» **INFORMATION SUPPLIED**
◆ ◆ ◆ ◆
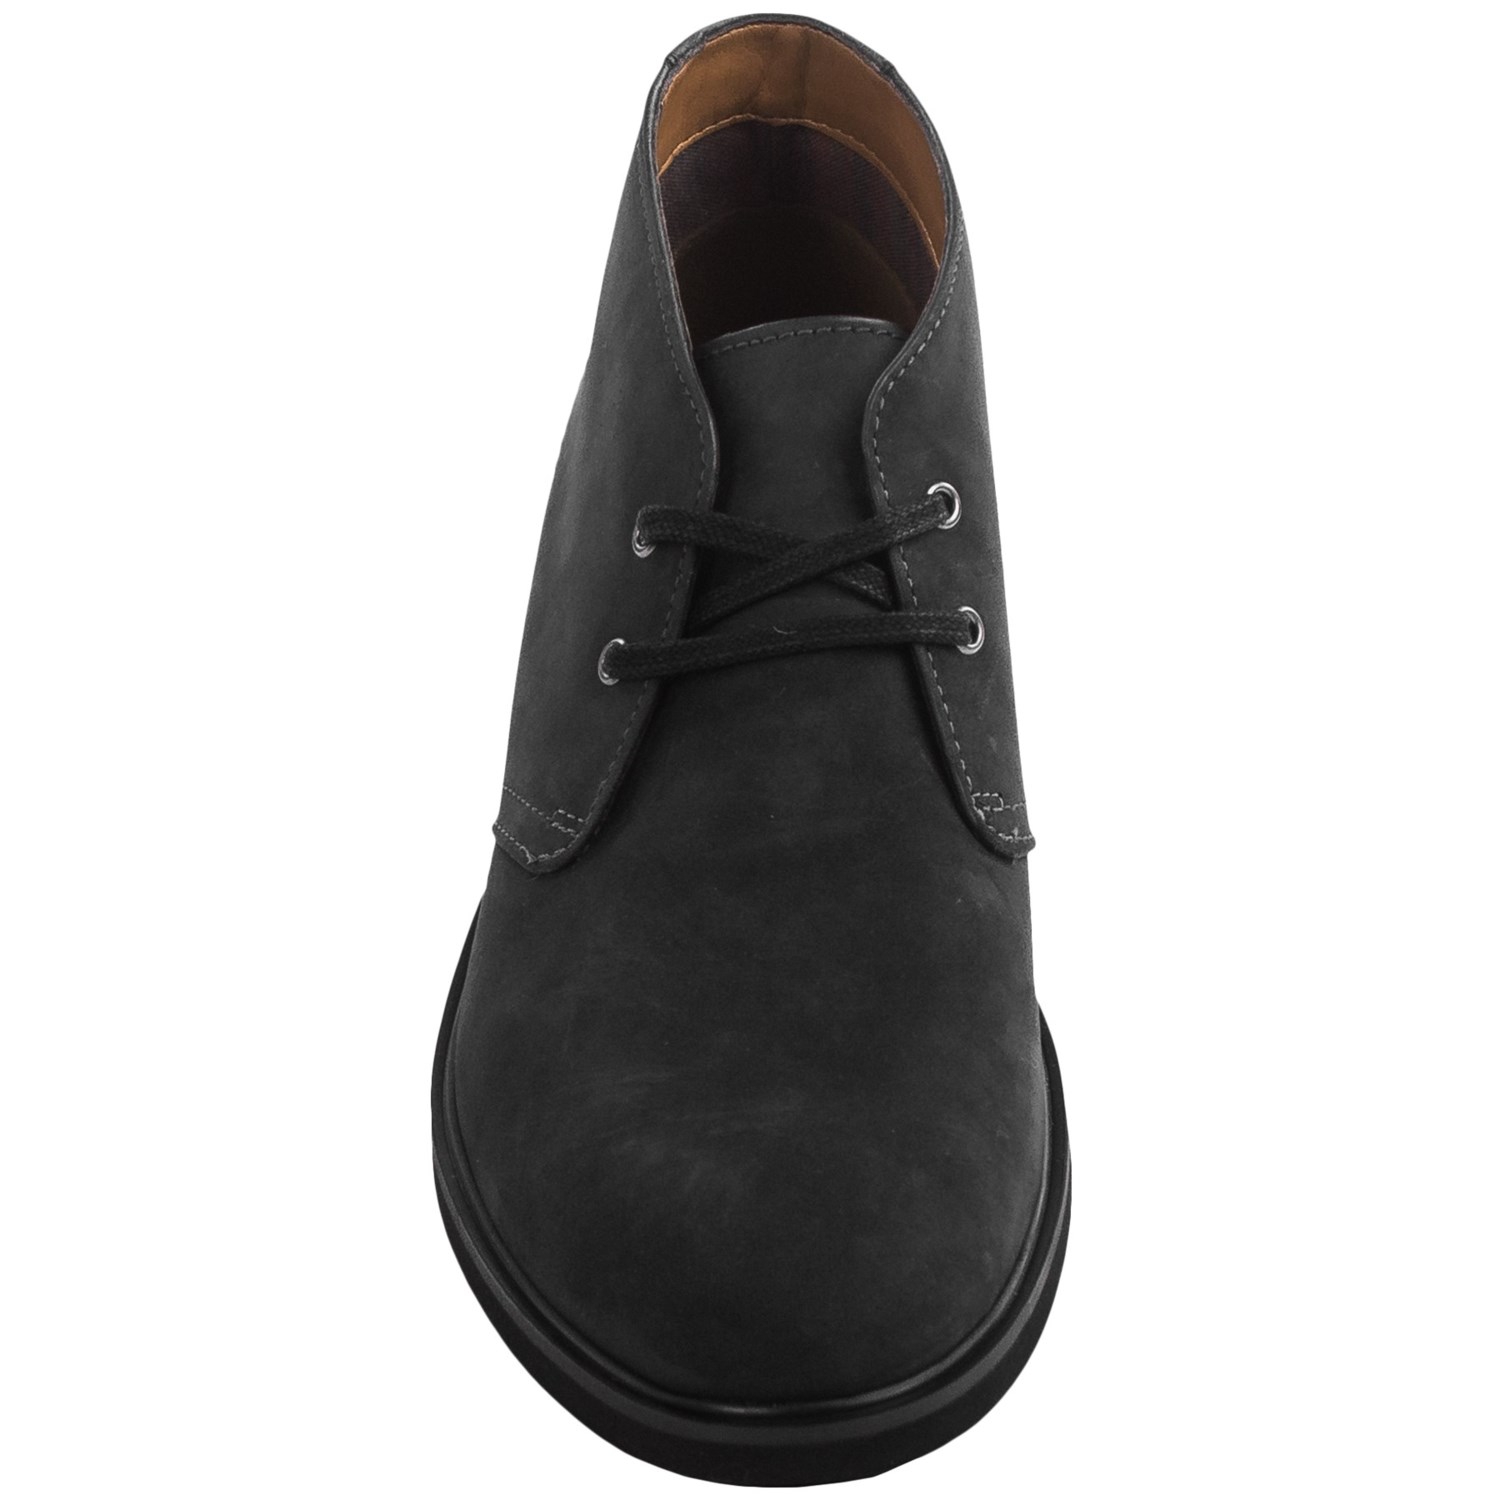 Clarks Riston Style Chukka Boots (For Men) - Save 47%
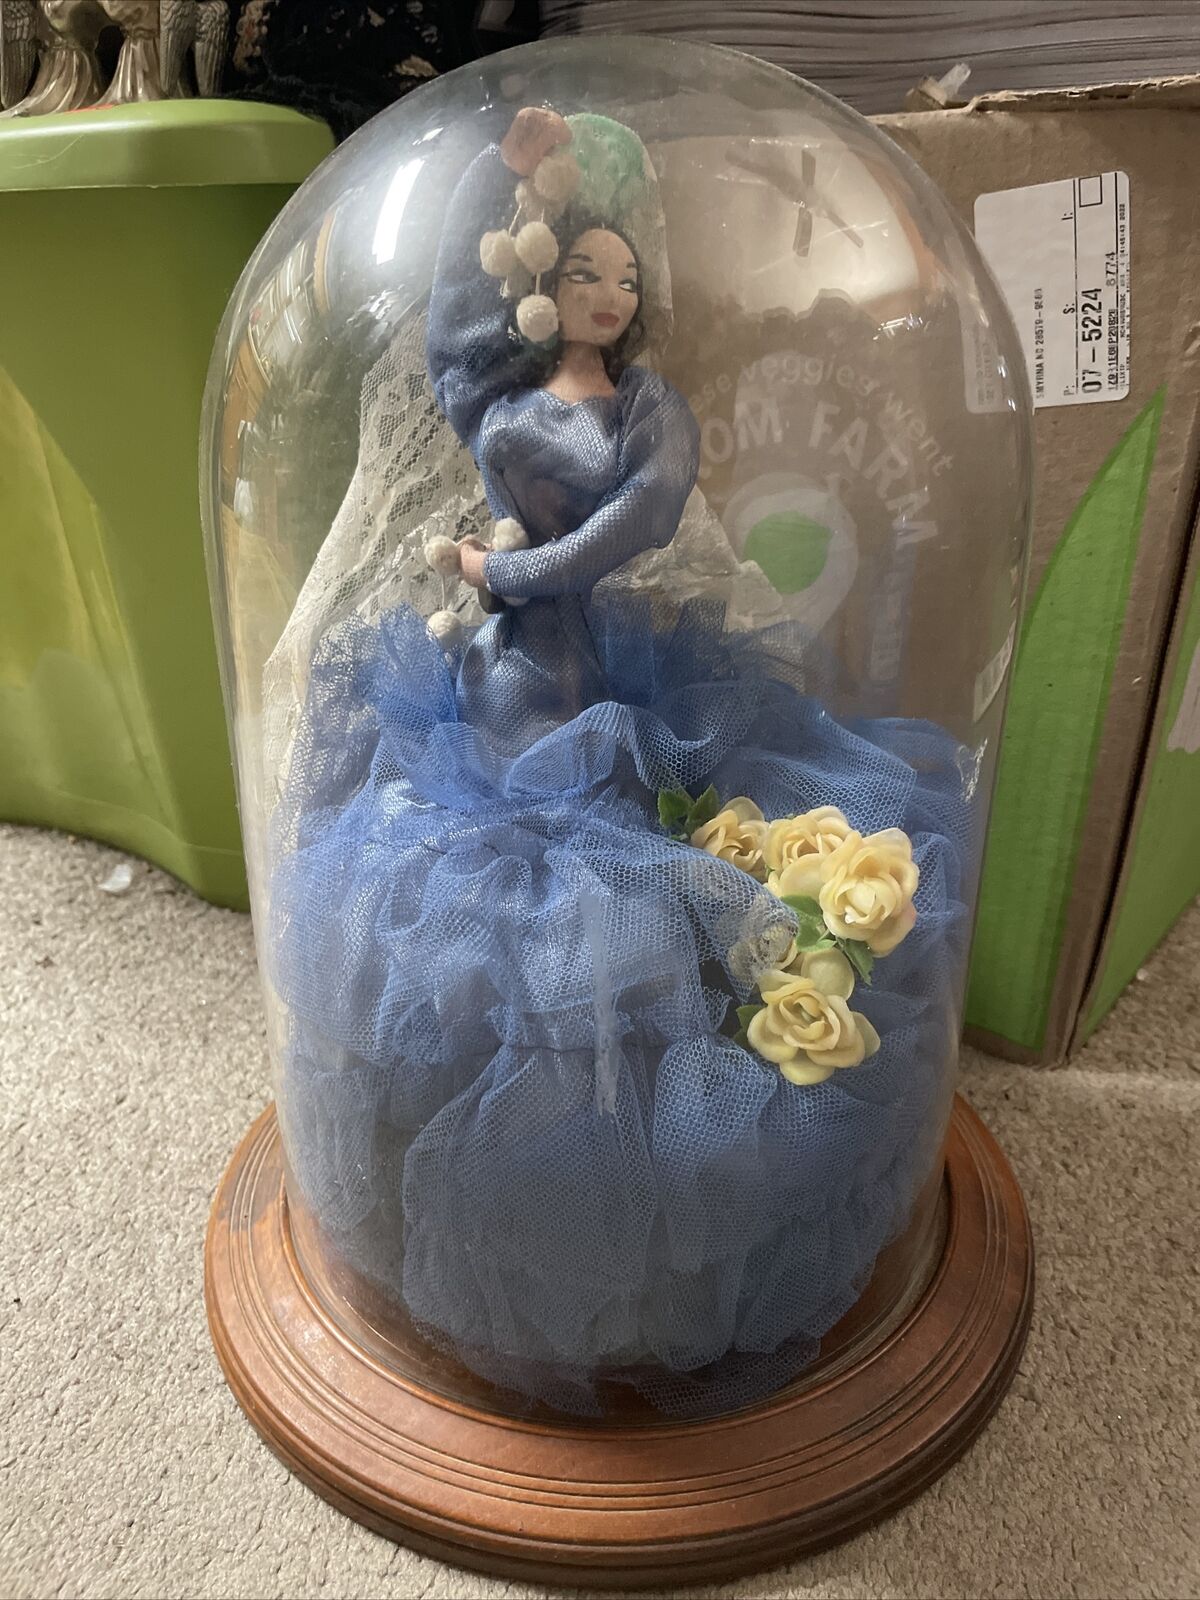 Vintage glorious glass dome With A Vintage Doll Bride?inside
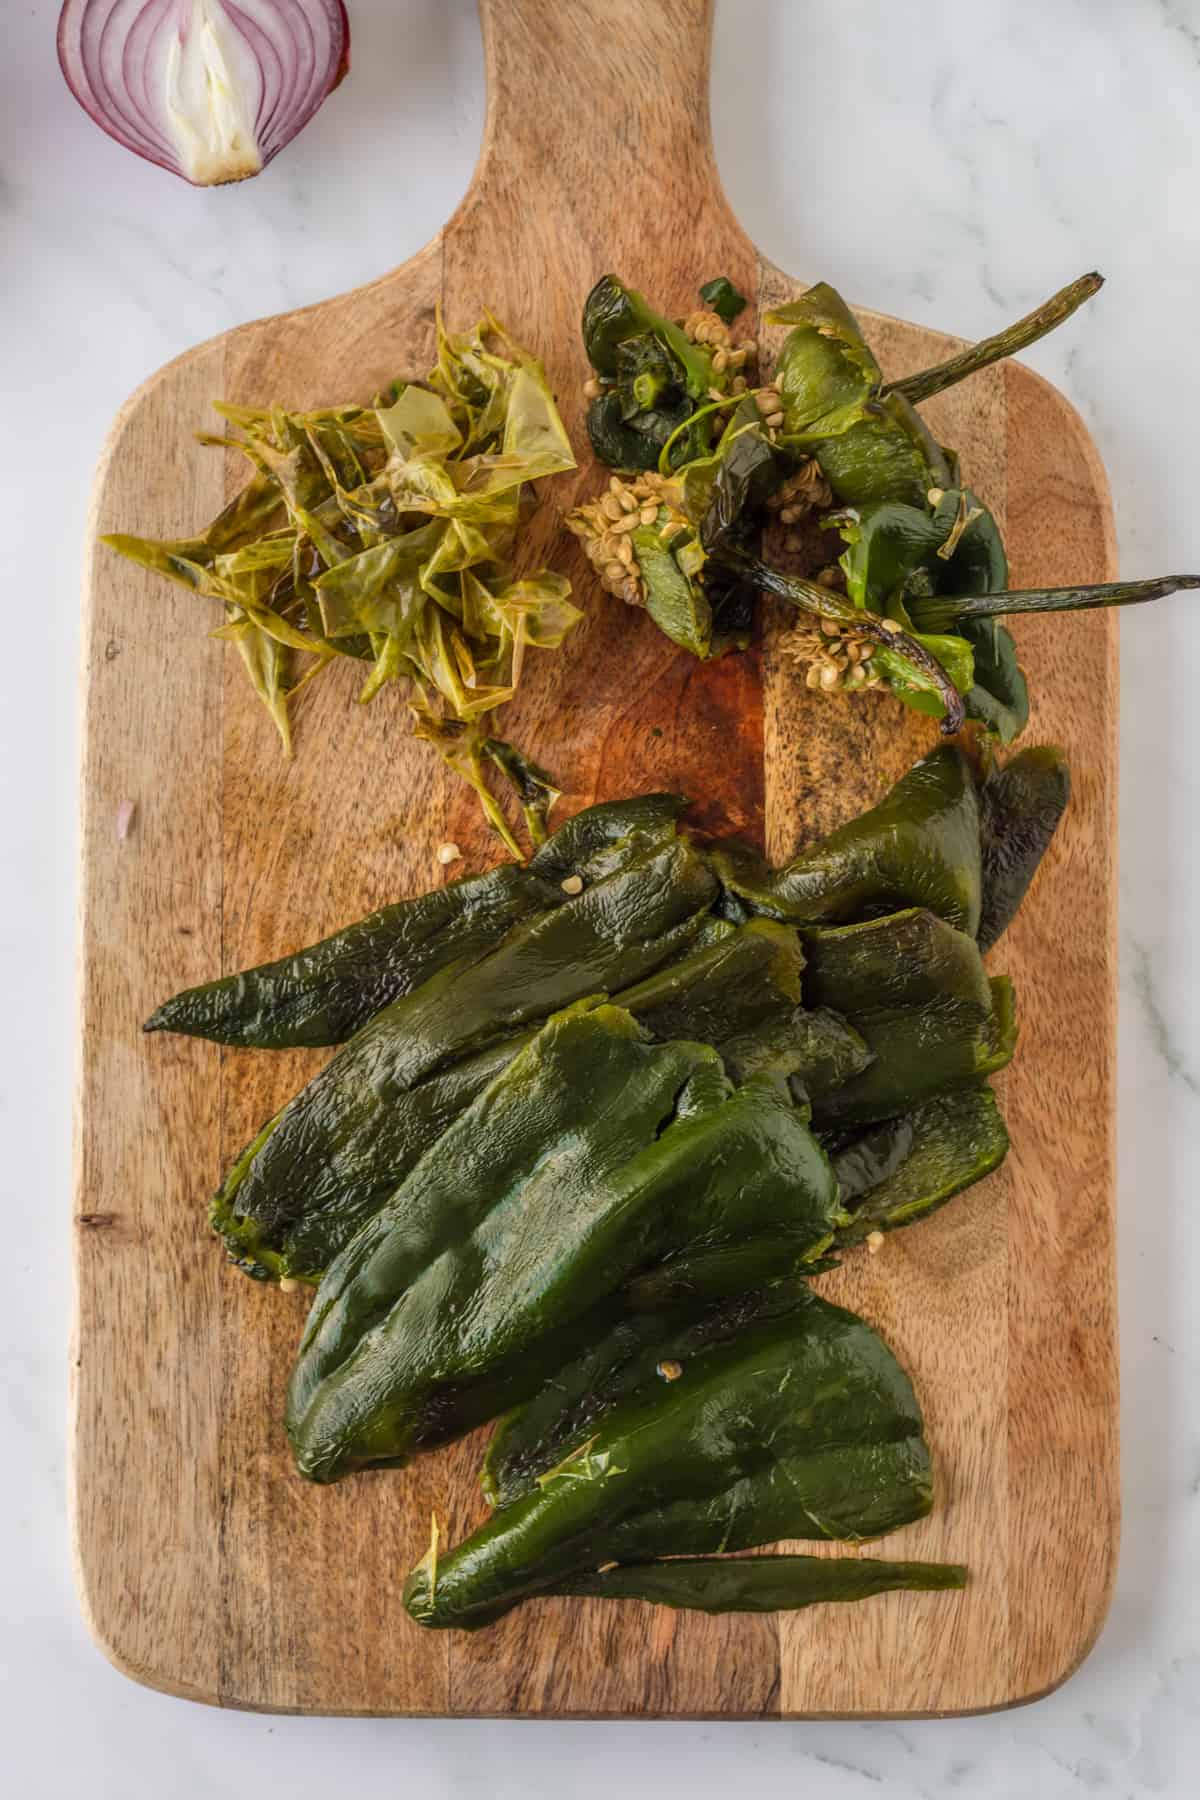 Removing the skin of the poblano peppers
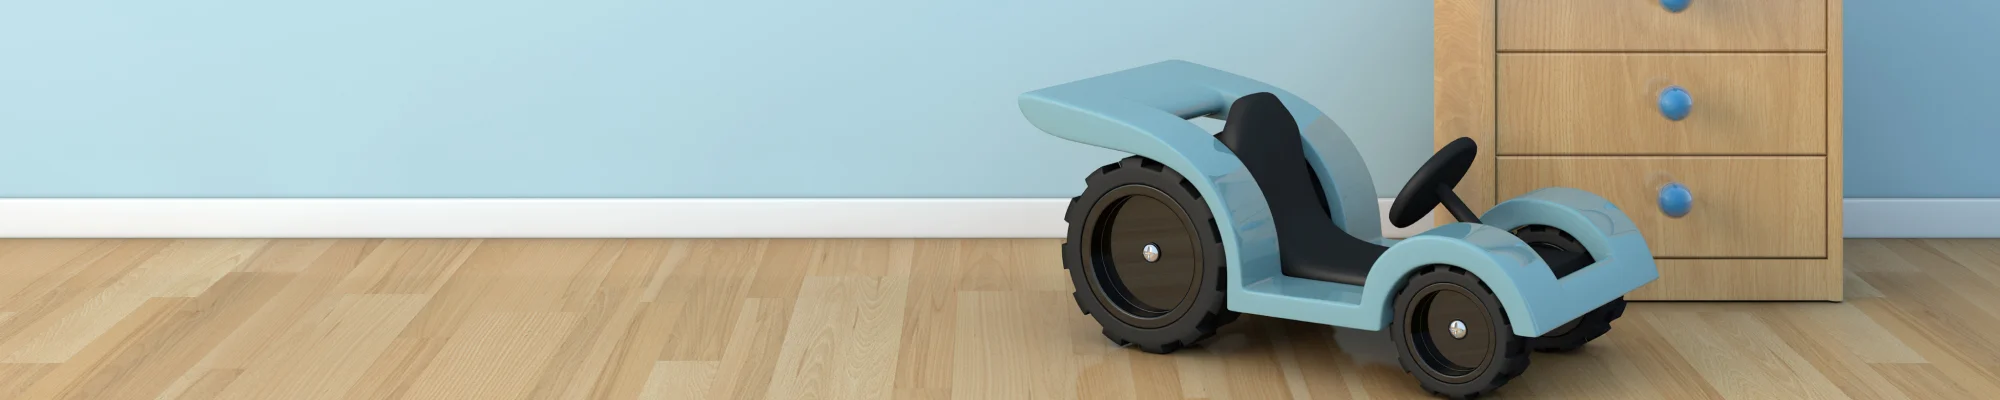 Blue car toy in kid's room with natural stained waterproof flooring
◆ ◆ ◆ ◆
» **TASK INSTRUCTIONS**
Down to the final line, restate the material above word for word, but omit its pictures.

» **SOLUTION TO THE PROBLEM**
 Clarks Riston Style Chukka Boots (For Men) - Save 47%
 Vintage glorious glass dome With A Vintage Doll Bride?inside
 Removing the skin of the poblano peppers
 Blue car toy in kid's room with natural stained waterproof flooring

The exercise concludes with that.